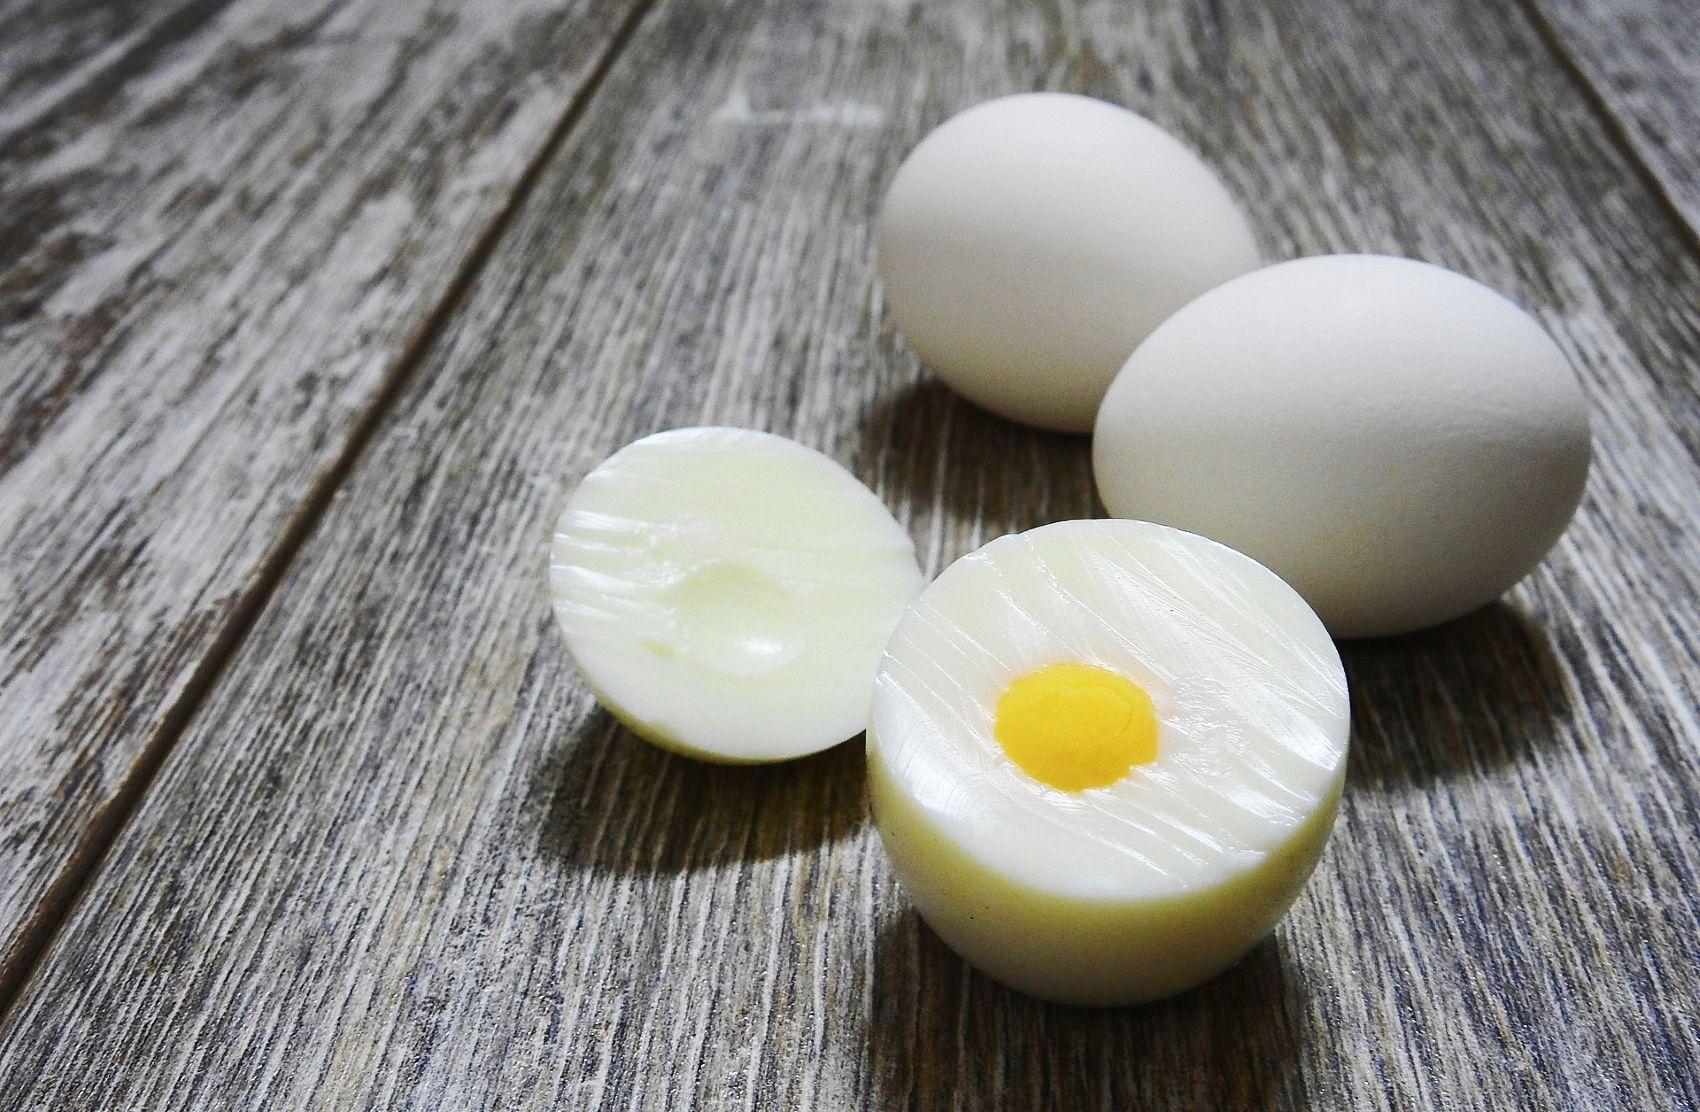 hoeveel eiwit bevat een ei
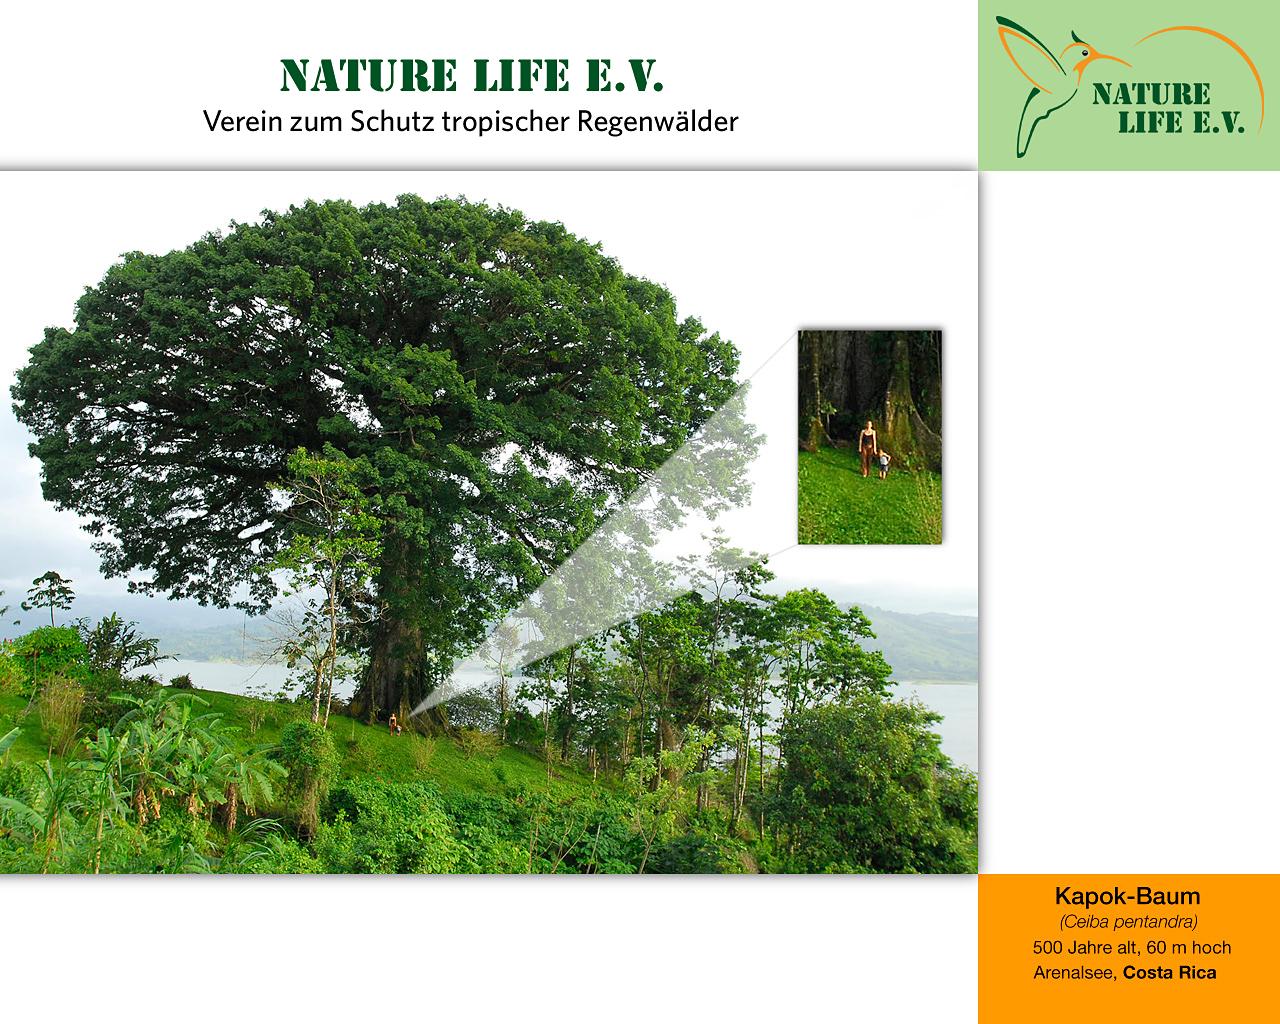 Kapok-Baum (Ceiba pentandra) 1280 x 1024
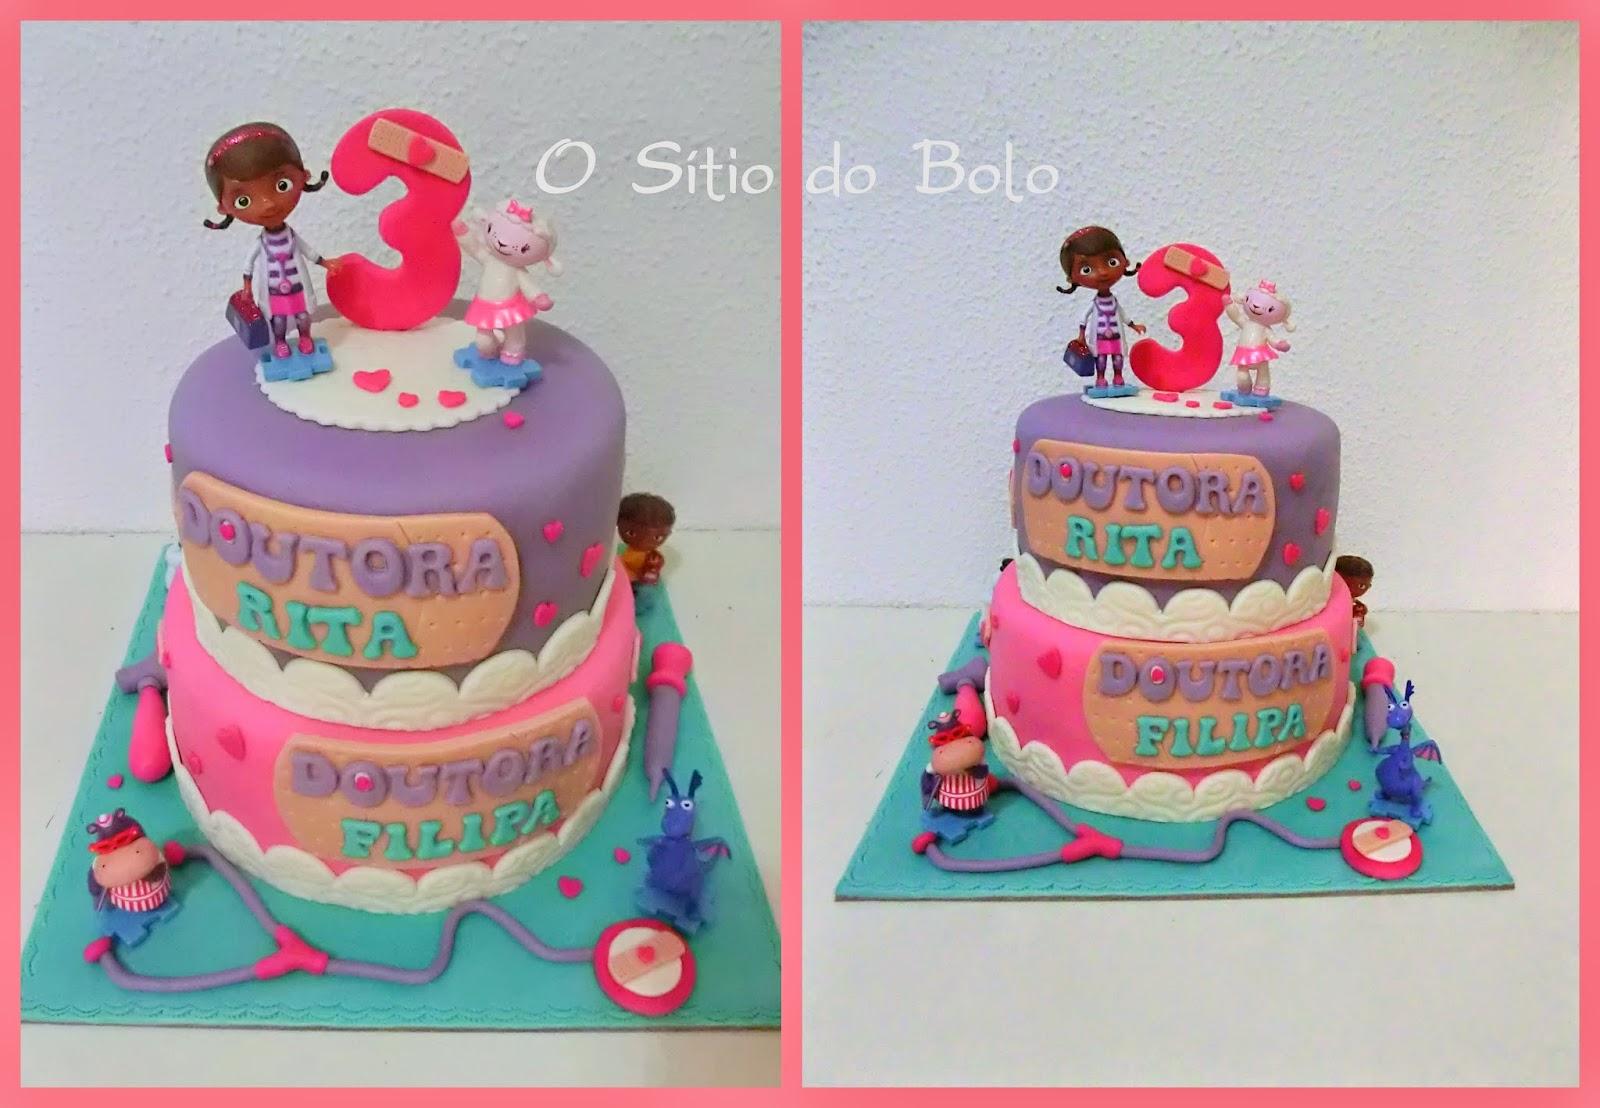 Amado O sitio do bolo: Outra versão de um bolo Doutora Brinquedos JY86

• _Task prompt_
Leaving each image aside, repeat the listing above exactly.

• _Solution to the exercise_
 hoeveel eiwit bevat een ei
 Kapok-Baum (Ceiba pentandra) 1280 x 1024
 Amado O sitio do bolo: Outra versão de um bolo Doutora Brinquedos JY86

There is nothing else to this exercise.